A palavra de ordem agora era cortar custos, buscar o menor preço – muitas vezes em detrimento da melhor proposta – não arriscar e investir apenas no que gerasse retornos imediatos e mensuráveis. E isso atingiu em cheio grande parte das ativações, eventos e outras ações promocionais que tinham dificuldade em mensurar seus resultados e, por isso mesmo, justificar seus gastos. Por outro lado, ações como campanhas de incentivo, programas de relacionamento e ações com promotores em pdv´s foram menos afetadas do que as demais.

Ao mesmo tempo, a internet avançava sobre tudo e sobre todos. O e-commerce, o Google, o Facebook e as Redes Sociais em geral, o Instagram, os sites, os apps…tudo isso ocupava a cada dia mais espaço e avançava sobre a já cambaleante verba de cada uma das empresas.
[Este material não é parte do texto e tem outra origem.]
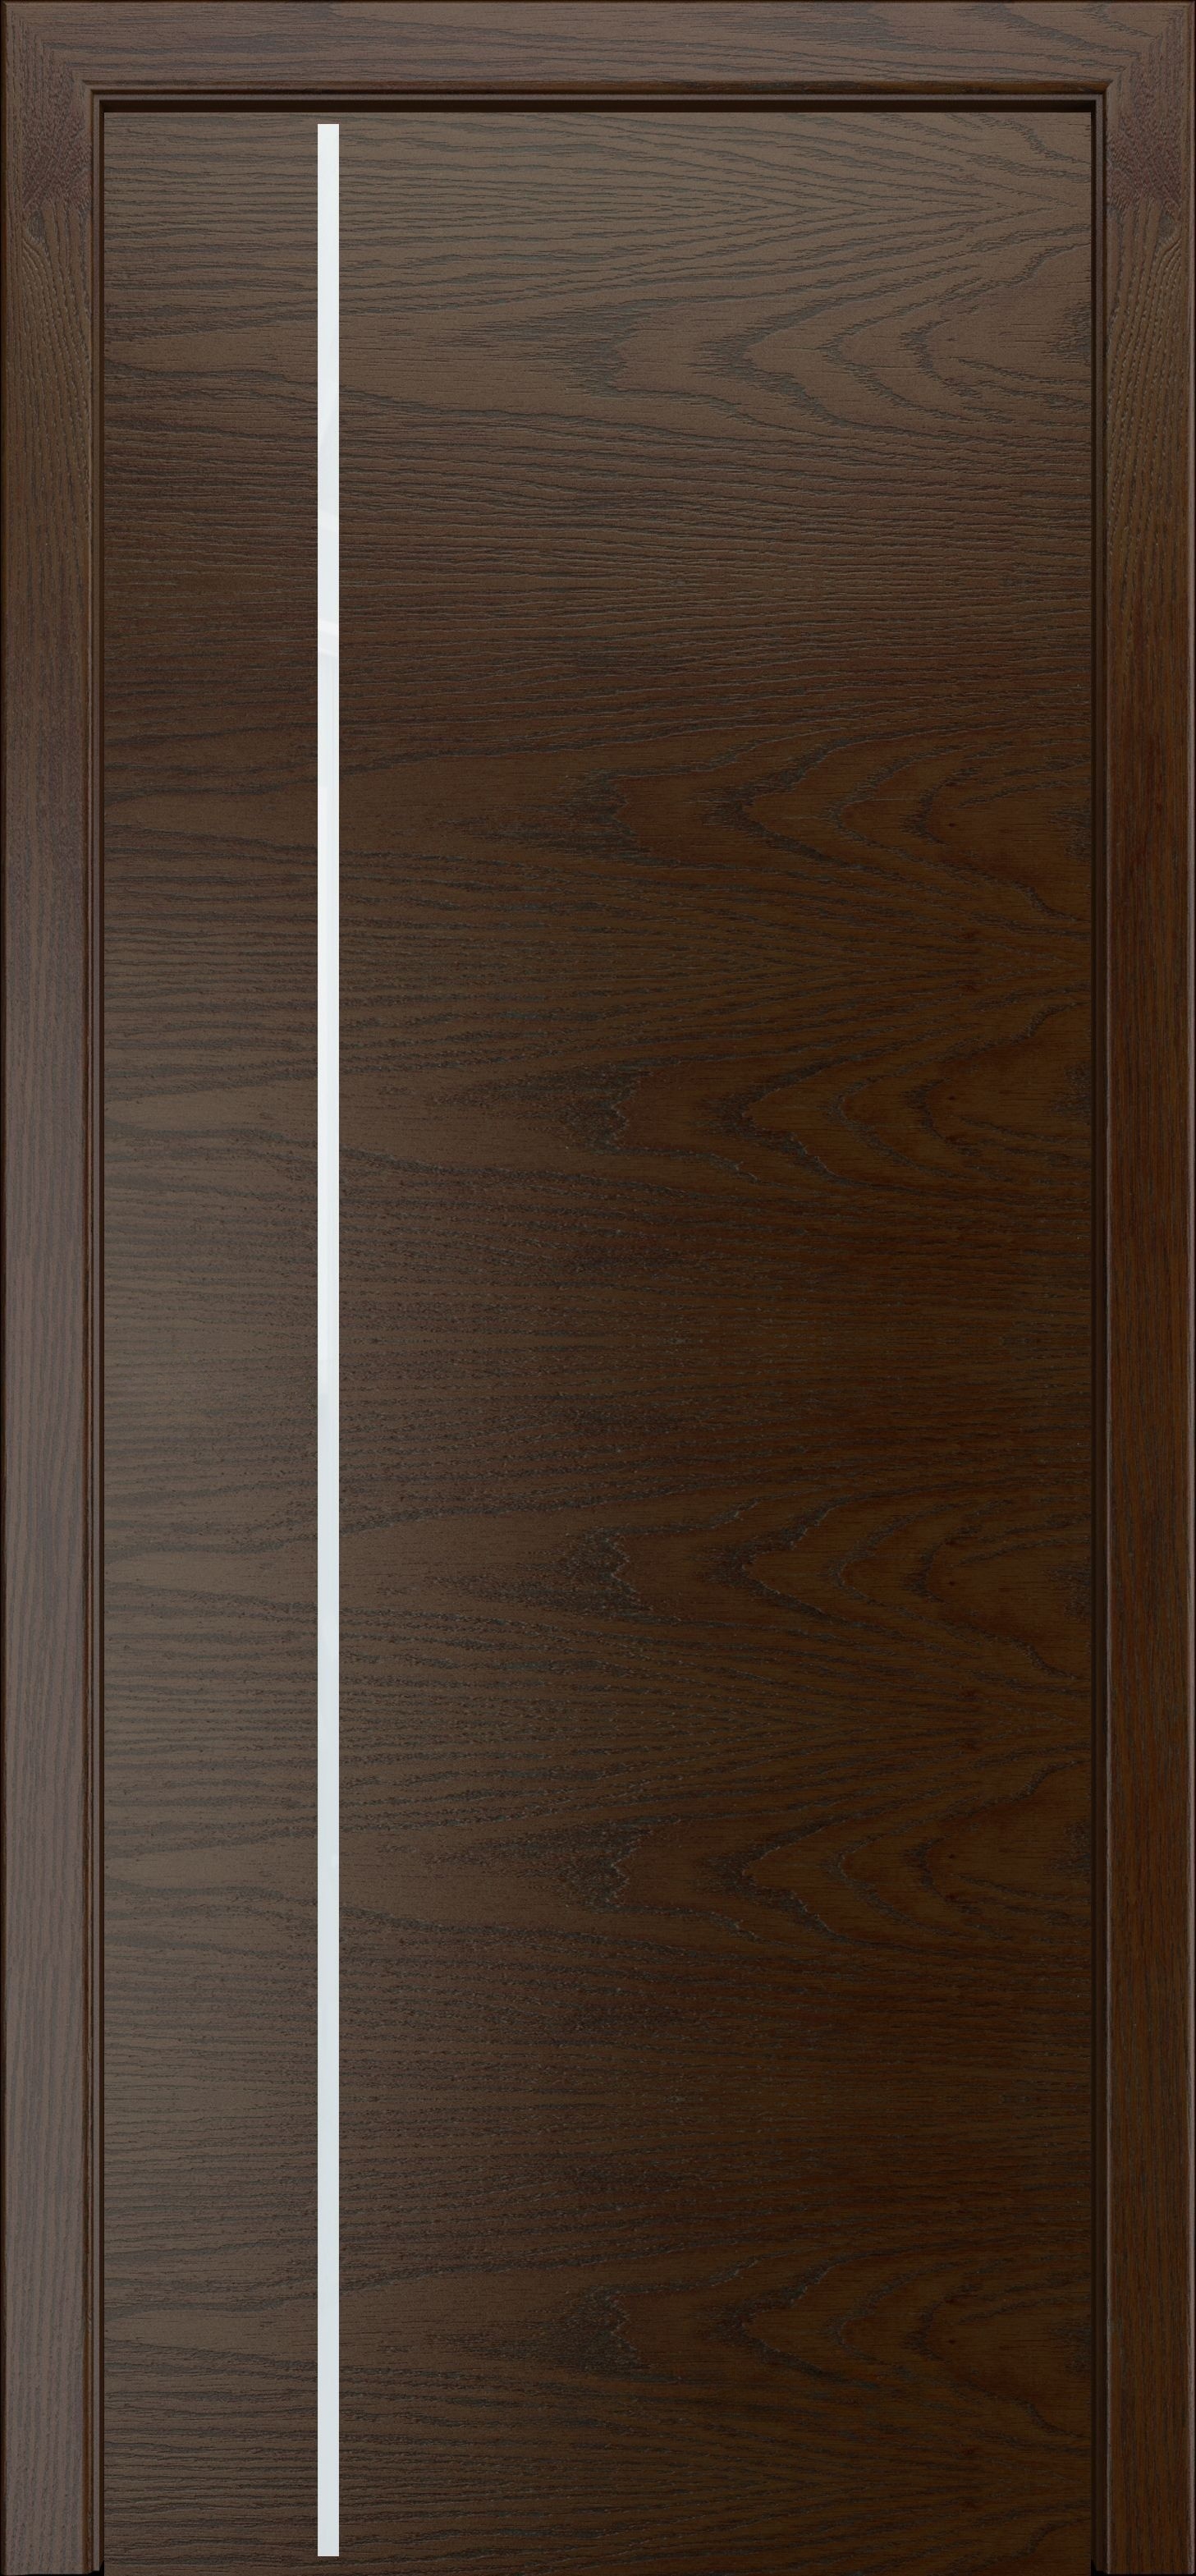 Межкомнатная дверь «Камелия К-10». Вид отделки Тон 10 вертикальный шпон Cтандартный наличник

A promessa de uma mensuração clara e da segmentação e quantificação do público atingido soava como música para os ouvidos de quem precisava mensurar cada centavo gasto e investido no marketing.  Além disso, havia o movimento crescente de se investir nos todos poderosos do Vale do Silício, e isso dava o aval e a segurança necessária para a alocação da verba em tempos bicudos.

E assim, as verbas das demais ações, e em especial das ativações de marca foram se dividindo e minguando, e as que ficaram foram alocadas em ativações menos surpreendentes e mais óbvias, ligadas a rotinas do dia a dia.

Mas eis que esse novo mundo digital nos trás, também, uma luz no fim do túnel e uma possibilidade antes não imaginada de se impulsionar, controlar e mensurar os resultados das nossas ações.

Para começar, sabemos que a integração inevitável do “ao vivo” com o “digital” permite que ações antes limitadas ao público in loco se amplie exponencialmente. O fato fundamental é que a experiência de um consumidor junto a uma marca continua sendo uma poderosa ferramenta de fidelização. E a geração de conteúdo para as Redes Sociais é certamente uma necessidade desse novo mundo e uma das razões para que se traga novamente a inovação à tona, uma vez que o compartilhamento frenético de conteúdo, o boca-a–boca e a influência dos amigos nas redes sociais se tornam a cada dia mais importantes.

Assim, apesar de tudo, a criatividade das agências é ainda mais fundamental nos dias de hoje. As marcas que saírem na frente, se libertando das amarras desses últimos anos, tendo a coragem de ousar e inovar, certamente sairão vencedoras.

Outra questão relevante é que as novas ferramentas de gestão e a quase universalização dos smartphones e da internet, tornam possível a mensuração em tempo real das ações que estão ocorrendo em campo, revertendo um dos problemas antes existentes e se constituindo em uma ferramenta poderosa não apenas para a melhor divulgação e entendimento do que está sendo feito em campo, mas de uma sensação e de um efetivo controle sobre a verba gasta em cada ação.

Dessa forma, estamos diante de um momento de ressurgimento da criatividade e de um leque de iniciativas que se servirão desse novo mundo digital para realizar entregas mais eficientes e mensuráveis. Nesse novo momento, as agências utilizarão ferramentas de gestão e de controle modernas para efetivamente mostrarem seus resultados. Na WeDo, por exemplo, criamos o conceito de Live BI, que nada mais é que o Business Intelligence aplicado ao Live Marketing. Com ele, juntamos ferramentas de gestão inovadoras – como o Marketing Monitor ou o PDV Info – a nossa capacidade operacional e analítica, para atingirmos maior produtividade e retorno aos investimentos realizados.

A alternativa a isso seria uma concentração na mesmice de sempre, com o foco em ações isoladas e cada vez menos estratégicas, e a continuidade de processos não integrados ao mundo digital, mas que pretendam entregar resultados diferentes. Ou seja, uma contradição e uma utopia neste novo mundo em que vivemos.

Agências criativas e sérias irão se fortalecer e solidificar o laço com seus clientes, exatamente por reconhecerem a importância de inovar, de se mensurar e de acompanhar cada ação e cada gasto de verba realizado com ferramentas inovadoras. Com isso, elas se destacarão e ajudarão todo o seu segmento a ressurgir para um novo momento.